I am scared and I am alone and I feel disgusting and dirty and foul and broken and I don't want to be here.

Saturday, January 09, 2010

proportions



After taking a year of Herbology classes that focus on learning around 300 of the most frequently used herbs in the Chinese Materia Medica, I've finally started a formulas class.

Putting together a formula is like organizing the government of one of those epic historical simulation computer games. there's an emperor, who dictates the main action and purpose of the formula; below him is the minister, who supports the emperor by either having a similar function or by addressing a second, coexisting symptom. the emperor and minister generally have the highest dosage range in the formula. at lesser doses are the assistants and envoys; the assistant can reinforce the actions of its superiors, it can reduce their unwanted side effects, or occasionally it can have an opposing effect when the disease has a complicated manifestation. the envoy focuses the actions of the formulas on a specific area of the body, such as the throat or the eyes, or else "harmonizes" the formula, sort of like taking the rough edges off. licorice root seems to be the most common envoy- it's very sweet and can make a particularly nasty potion a bit easier to get down.

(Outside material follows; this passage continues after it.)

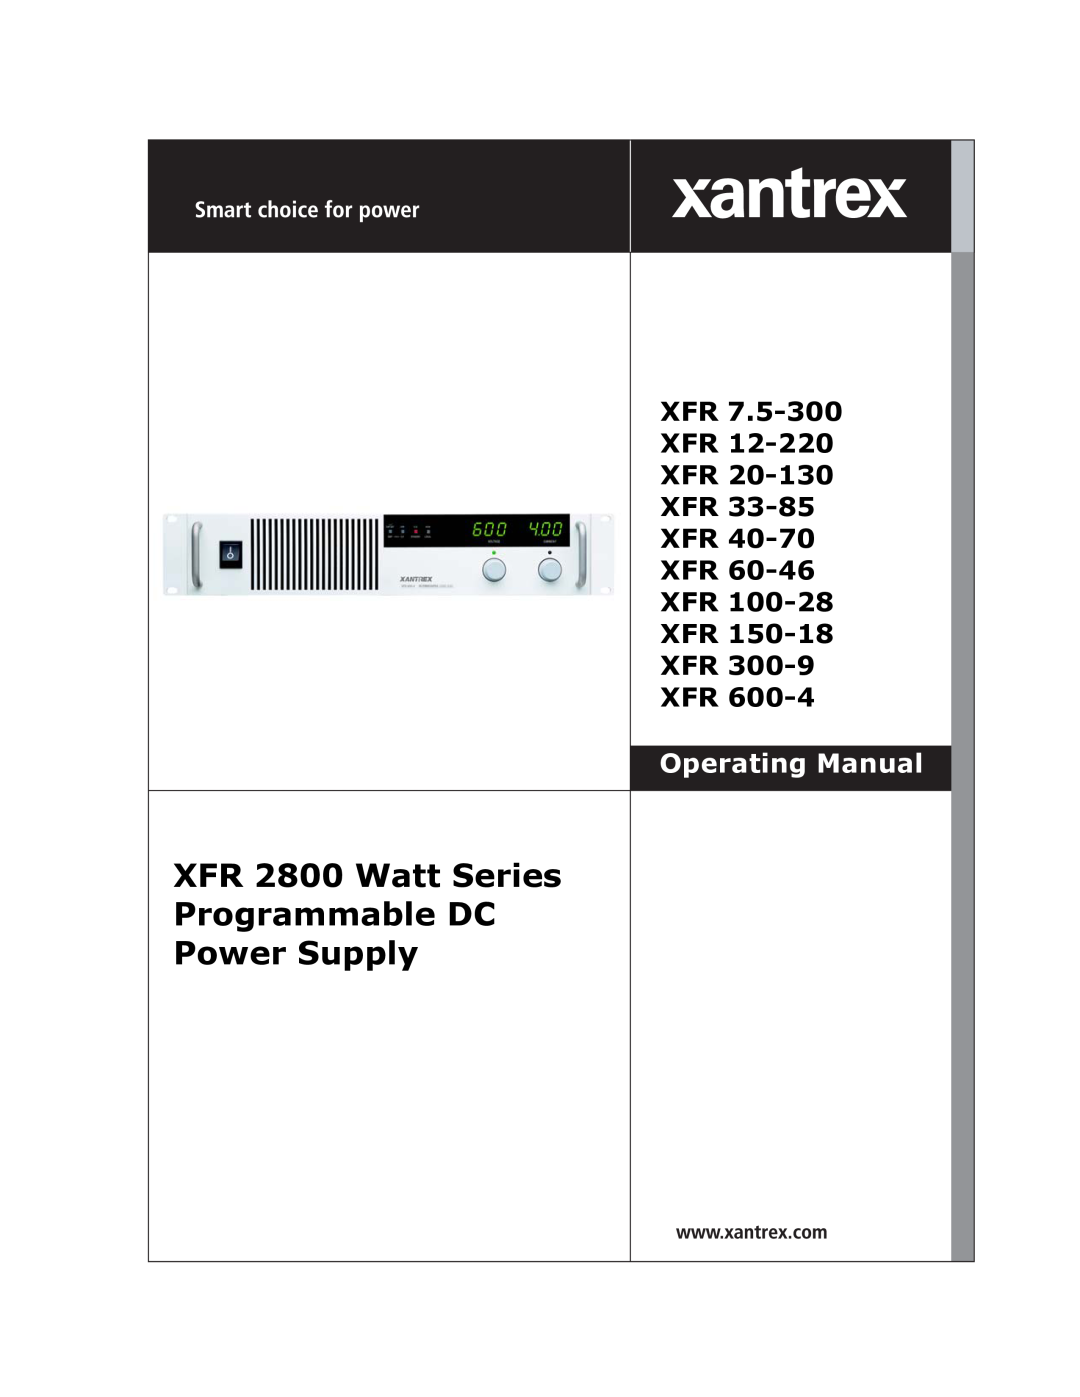 Xantrex Technology manual XFR 2800 Watt Series Programmable DC Power Supply, Xfr Xfr Xfr Xfr Xfr Xfr Xfr Xfr Xfr Xfr

sometimes the roles of each herb can be unclear: it's easy to pick out the emperor when it's dosed at 60g and everything else is 15 or 6, but certain herbs might be the emperor even if their dosage is small. wild ginger, for example, is an extremely warm herb that is used for severe chills with copious thin mucus; it generally is not dosed higher than 3 grams because it is so warm and drying. in a formula with wild ginger dosed at 3 or 4 grams, it will serve as the emperor even when the other herbs outweigh it by far.

despite the overall Confucian nature of herbal hierarchies, this last fact strikes me as rather Marxist- from each according to his ability, right?


In the past few months I've developed a fairly broad and varied group of friends. some of them are like me and have a lot of free time; some of them work way too much. the few people that I think of as my closest friends all fall into this latter category. I rarely get to spend time with them, but when I do, it means a lot more to me than when I hang out with people I see every day. their presences in my life are the most important, despite the fact that I might see them for only a few hours a week, or even less. My best girlfriend from back home and I rarely get a chance to sit down and talk on the phone for hours like we used to, but she's still my best friend. I can't remember the last time I got to spend a few hours with my closest friend here, but the twenty minutes every couple days and the waving at each other from our neighboring apartments' windows mean the world to me.

if you can't see the metaphor here, well, I don't know what to tell you.